This work addresses the challenge of simultaneously respecting manifold constraints and accurately sampling from target distributions in high-dimensional spaces by proposing the U-turn chain method. The approach constructs a Markov chain through short forward–backward steps of a diffusion model, augmented with Metropolis–Hastings corrections to ensure asymptotic correctness. Theoretical analysis reveals an ergodicity-breaking phase transition in U-turn dynamics caused by fragmentation of the data manifold and uncovers a novel phenomenon: the relaxation order of features reverses with U-turn magnitude, wherein high-level features relax before low-level ones—a reversal observed for the first time. Experiments on synthetic language, natural language, and image data demonstrate that efficient mixing and this inversion effect emerge only when the injected noise is sufficiently large.
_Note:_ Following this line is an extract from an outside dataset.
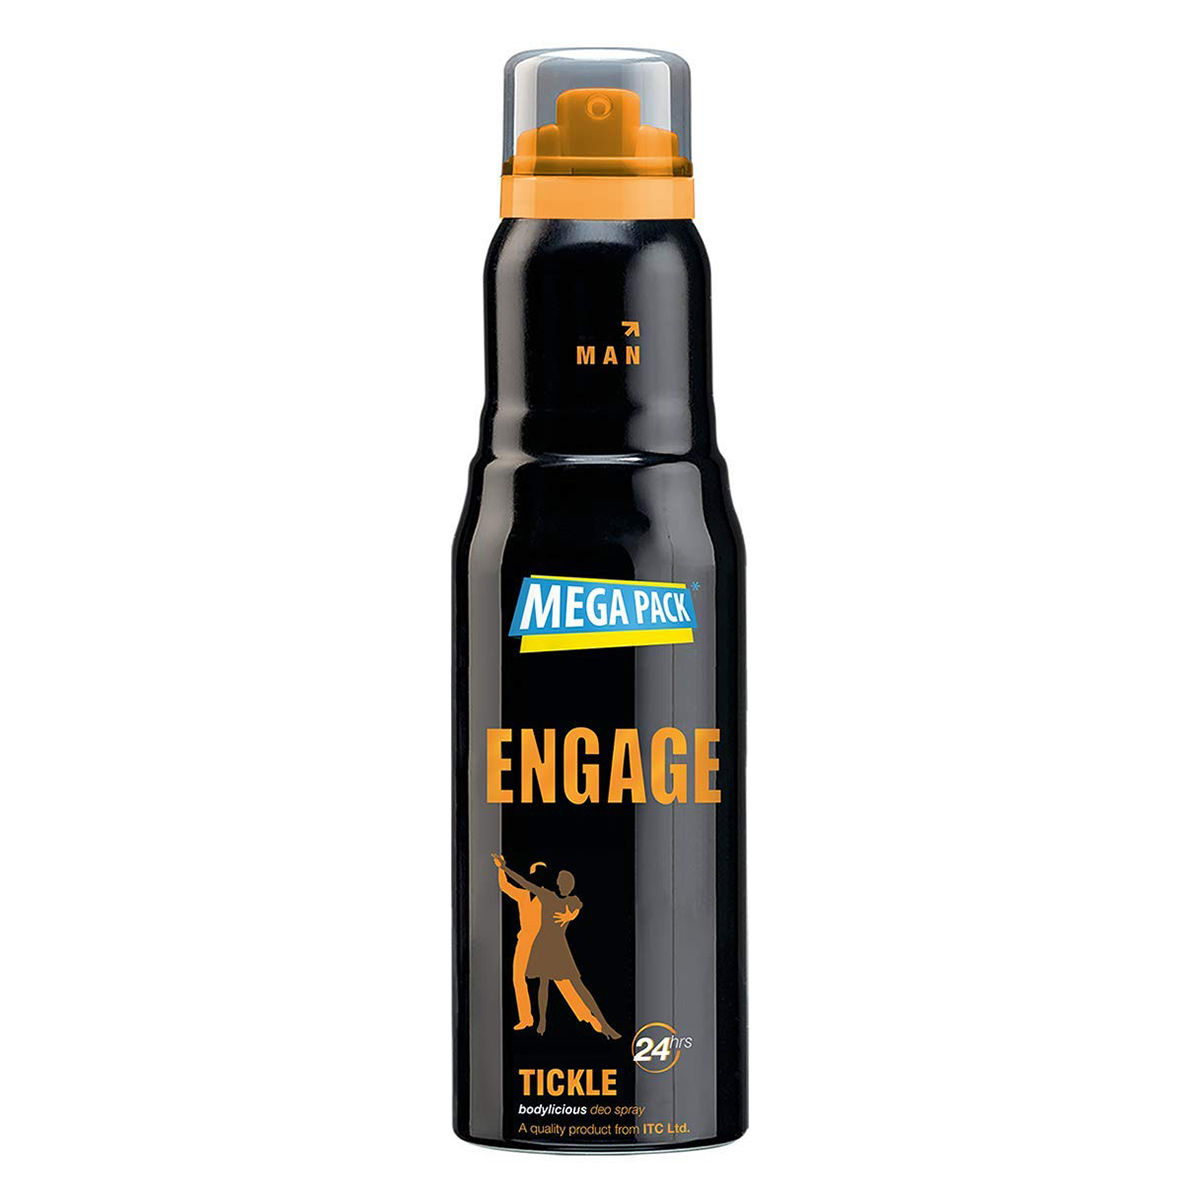 Buy Engage Tickle Deodorant Body Spray for Men, 220 ml Online
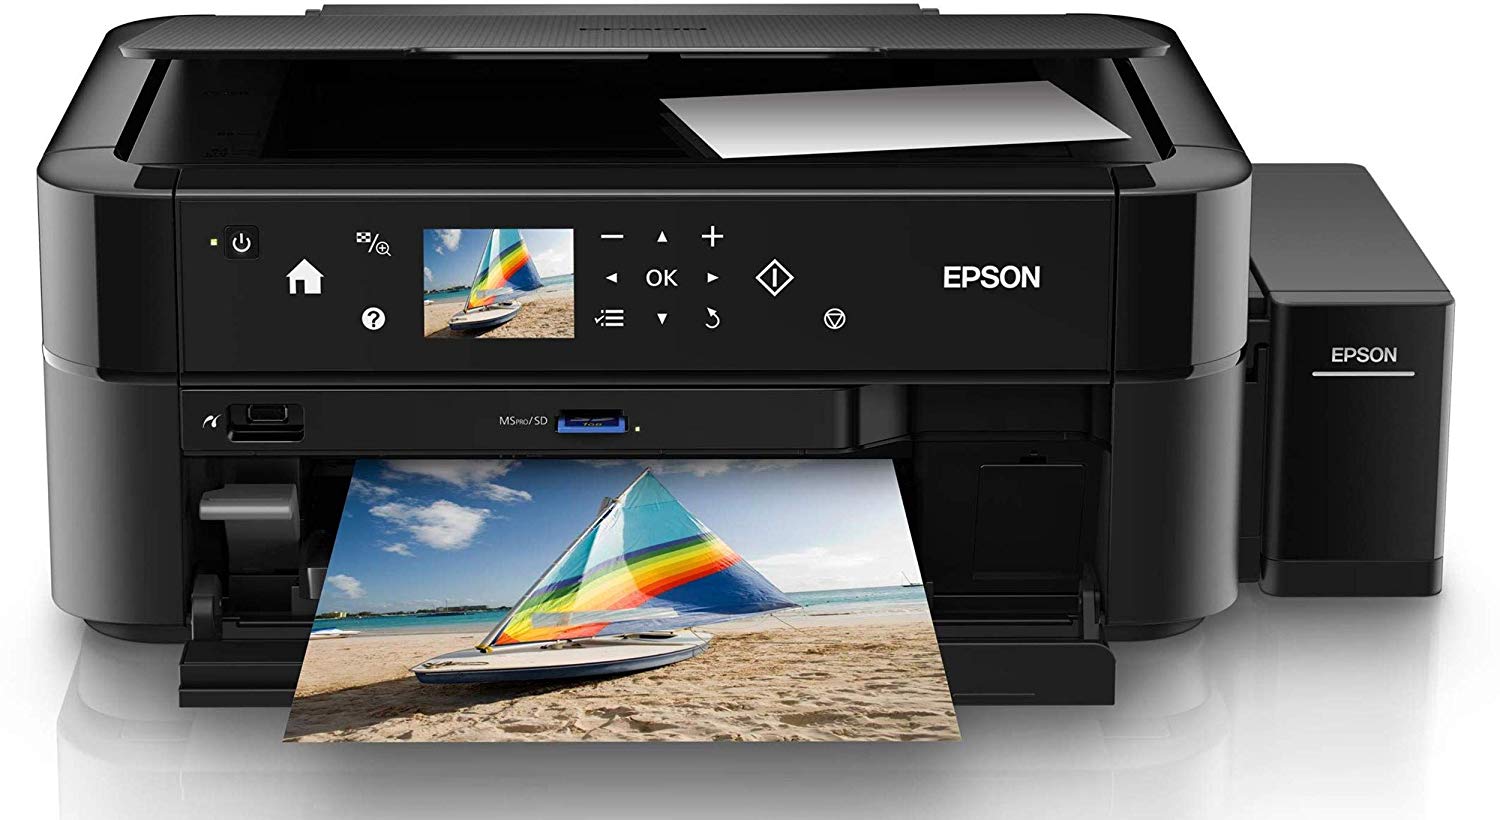  Epson  L850 Driver Downloads  Download  Drivers Printer  Free

Sampling from learned high-dimensional distributions is a foundational computational problem. We introduce U-turn chains: Markov chains obtained by iterating short forward-backward steps of a diffusion model, in which each step proposes a move that remains on the learned data manifold and, paired with a Metropolis-Hastings correction, samples from energy-modified targets. For synthetic languages, we show that minimal U-turn dynamics undergoes an ergodicity-breaking phase transition driven by fragmentation of the data manifold; ergodicity is restored at larger U-turn magnitude. In the non-ergodic regime, low-level features relax faster than high-level ones, an ordering that inverts only at sufficiently large U-turn magnitude. We test these predictions on natural language and natural images. In both modalities, minimal U-turns relax slowly, especially for high-level features approximated by deep representations in CNNs or LLMs. The layer-ordering inversion appears only at large noise when mixing is efficient -- signatures consistent with strongly constrained, weakly mixing local dynamics. We discuss the implications of these results for sampling with diffusion models.